Operação Lex: Advogado de Vieira diz que cliente “não foi pelas traseiras” para reaver 1,6 milhões
Juiz encarregado da fase instrutória do processo inquiriu responsável pelo protocolo do Benfica, para saber que critérios eram usados na escolha de convidados para a tribuna presidencial, onde ex-juiz Rangel era presença assídua.
O advogado do ex-presidente do Benfica, Raul Soares da Veiga, considera normal que o seu cliente tenha tentado convencer o então juiz Rui Rangel a ir com ele ao Tribunal de Sintra para reunirem com a magistrada que tinha em mãos um processo em que Luís Filipe Vieira reclamava à Autoridade Tributária a devolução de 1,6 milhões de euros.
O ex-magistrado, que é o principal arguido da Operação Lex, não tinha nada a ver com o processo tributário. Mas tinha sido frequentemente agraciado pelo Benfica com convites para a bancada presidencial para assistir aos jogos e com viagens e estadia paga quando estes desafios se desenrolavam no estrangeiro. Foi esta coincidência que levou o Ministério Público a acusar Vieira e outro colega seu da direcção do Benfica, Fernando Tavares, do crime de concessão indevida de vantagem ao antigo juiz.
Trata-se de um crime menor, cuja moldura penal não ultrapassa os três anos – ao contrário das suspeitas que impendem sobre Vieira no processo Cartão Vermelho, ainda sob investigação, e que ditaram a sua saída da liderança do Benfica.
Em 2017 o dirigente desportivo pressionou várias vezes Rangel para que o ajudasse a resolver o processo de Sintra, cujo desfecho acabaria por lhe ser favorável: foram-lhe mesmo devolvidos 1,6 milhões de IRS pagos em demasia. E apesar de nunca o ter acompanhado ao tribunal, como lhe deu a entender que estava disposto a fazer, o ex-magistrado mexeu cordelinhos junto dos colegas para se informar do estado do processo.
Questionado esta quarta-feira pelos jornalistas, durante a fase instrutória do processo, que está a decorrer no Supremo Tribunal de Justiça, sobre se a atitude de Luís Filipe Vieira teria sido normal, Raul Soares da Veiga assegurou que sim: “Querer apresentar-se em tribunal acompanhado de um juiz só demonstra independência e lealdade. Não foi pela porta das traseiras. Não vejo nada de indevido, é uma coisa normalíssima todos os dias – saber porque é que um processo está atrasado.”
Nesta primeira audiência de testemunhas do processo foram arrolados por Fernando Tavares vários funcionários do clube dos “encarnados”, para explicarem os critérios que presidiam à entrega de convites para a bancada presidencial. O juiz que presidiu às diligências inquiriu longamente a responsável pelo protocolo do Benfica, Ana Paula Godinho, para saber quem tinha direito a convites e em que quantidade.

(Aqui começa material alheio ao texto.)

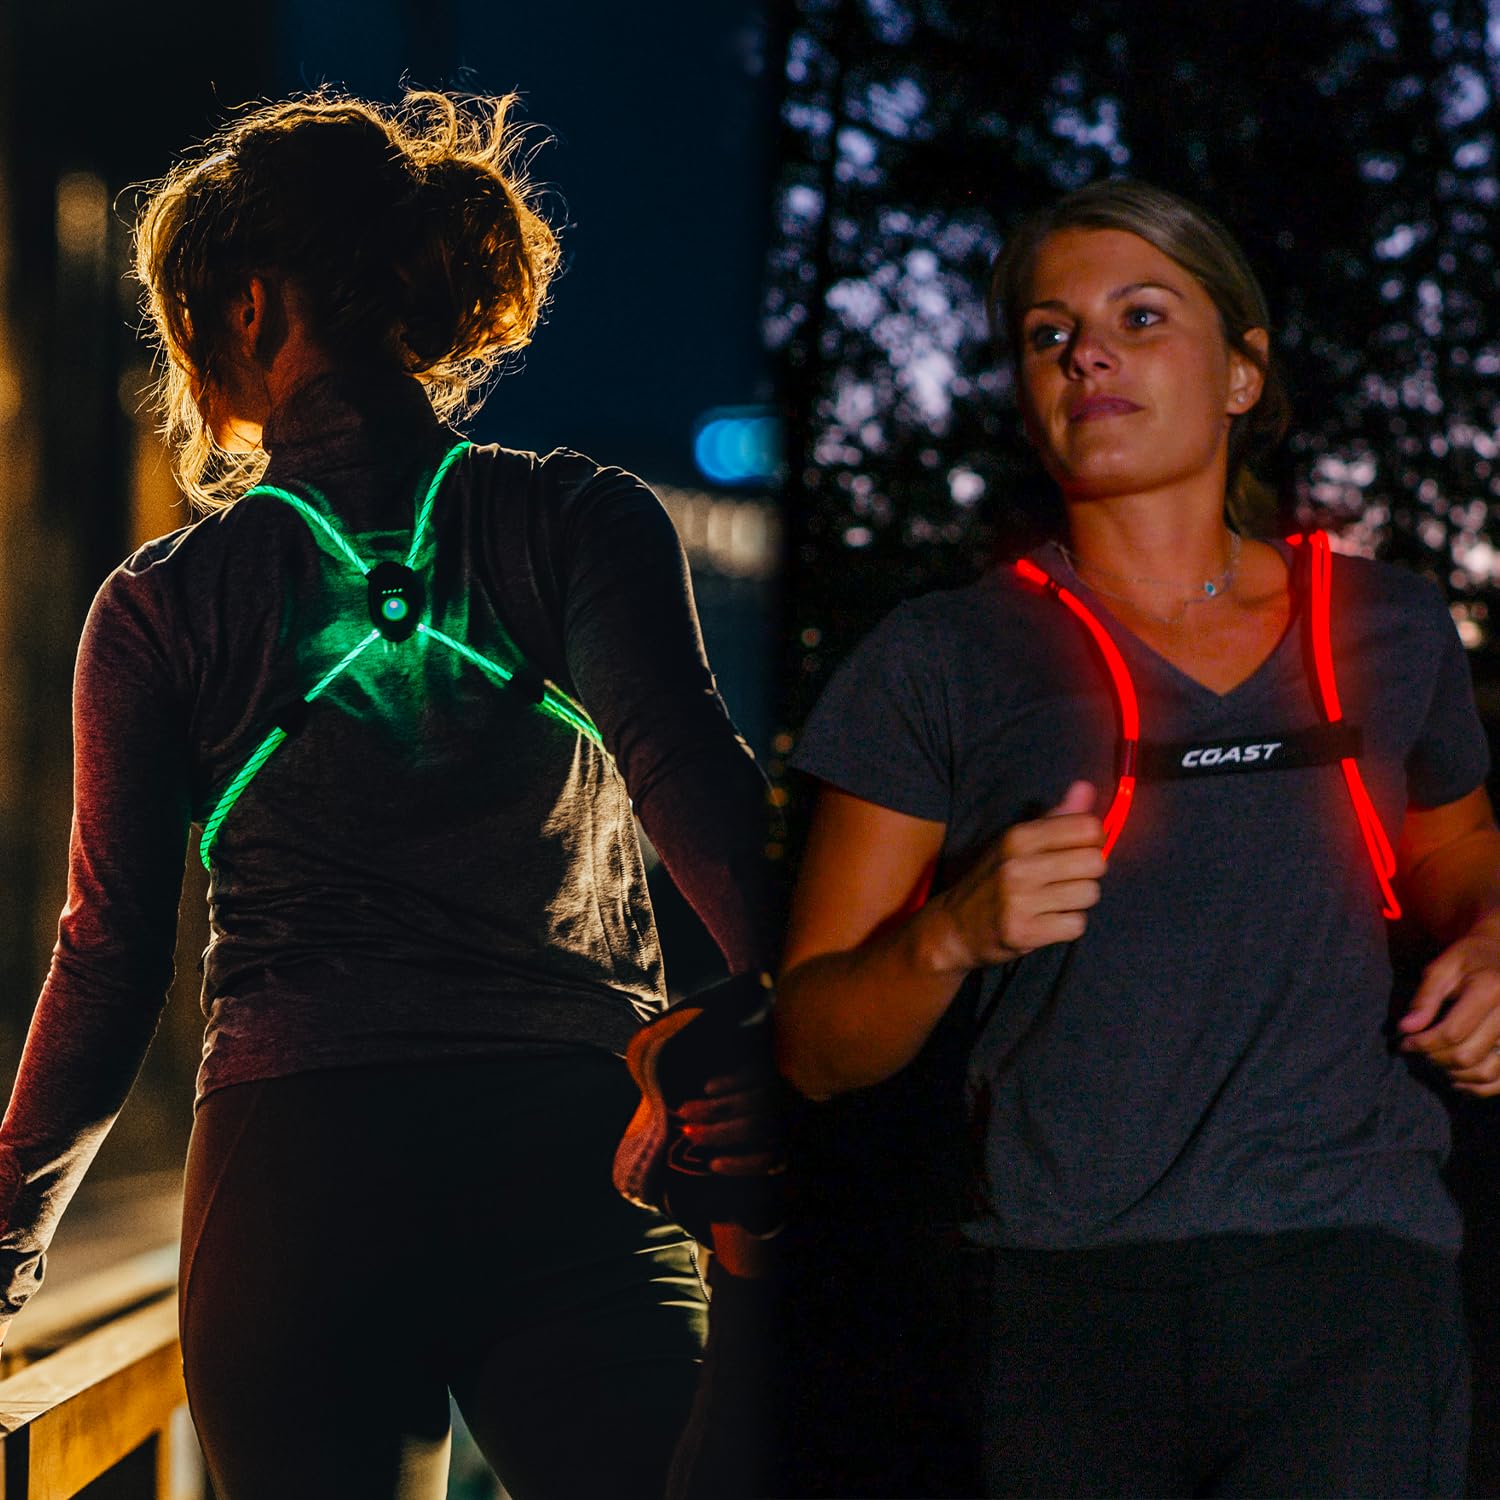 COAST LH150 Rechargeable LED Hi-Vis Lighted Vest, 6+ Color Modes, Reflective, Ultralight, One Size Fits Most

Fora desta fase instrutória estão os factos relacionados com a alegada manipulação fraudulenta da distribuição de processos aos juízes do Tribunal da Relação de Lisboa, onde Rui Rangel estava colocado antes de ser expulso da magistratura, na sequência deste caso, assim como a vida dispendiosa que levava, pouco compatível com o salário de juiz. São questões que só serão abordadas em julgamento, se o juiz de instrução considerar que existem indícios suficientes para fazer sentar todos os arguidos ou pelo menos alguns deles no banco dos réus.
Ao todo foram acusados 17 arguidos na Operação Lex. Segundo a acusação, Rui Rangel, a sua mulher, a juíza Fátima Galante e Luís Vaz das Neves utilizaram as funções que desempenhavam na Relação de Lisboa para obterem vantagens indevidas, num montante superior a 1,5 milhões de euros, para si ou para terceiros, montante que tentaram dissimular.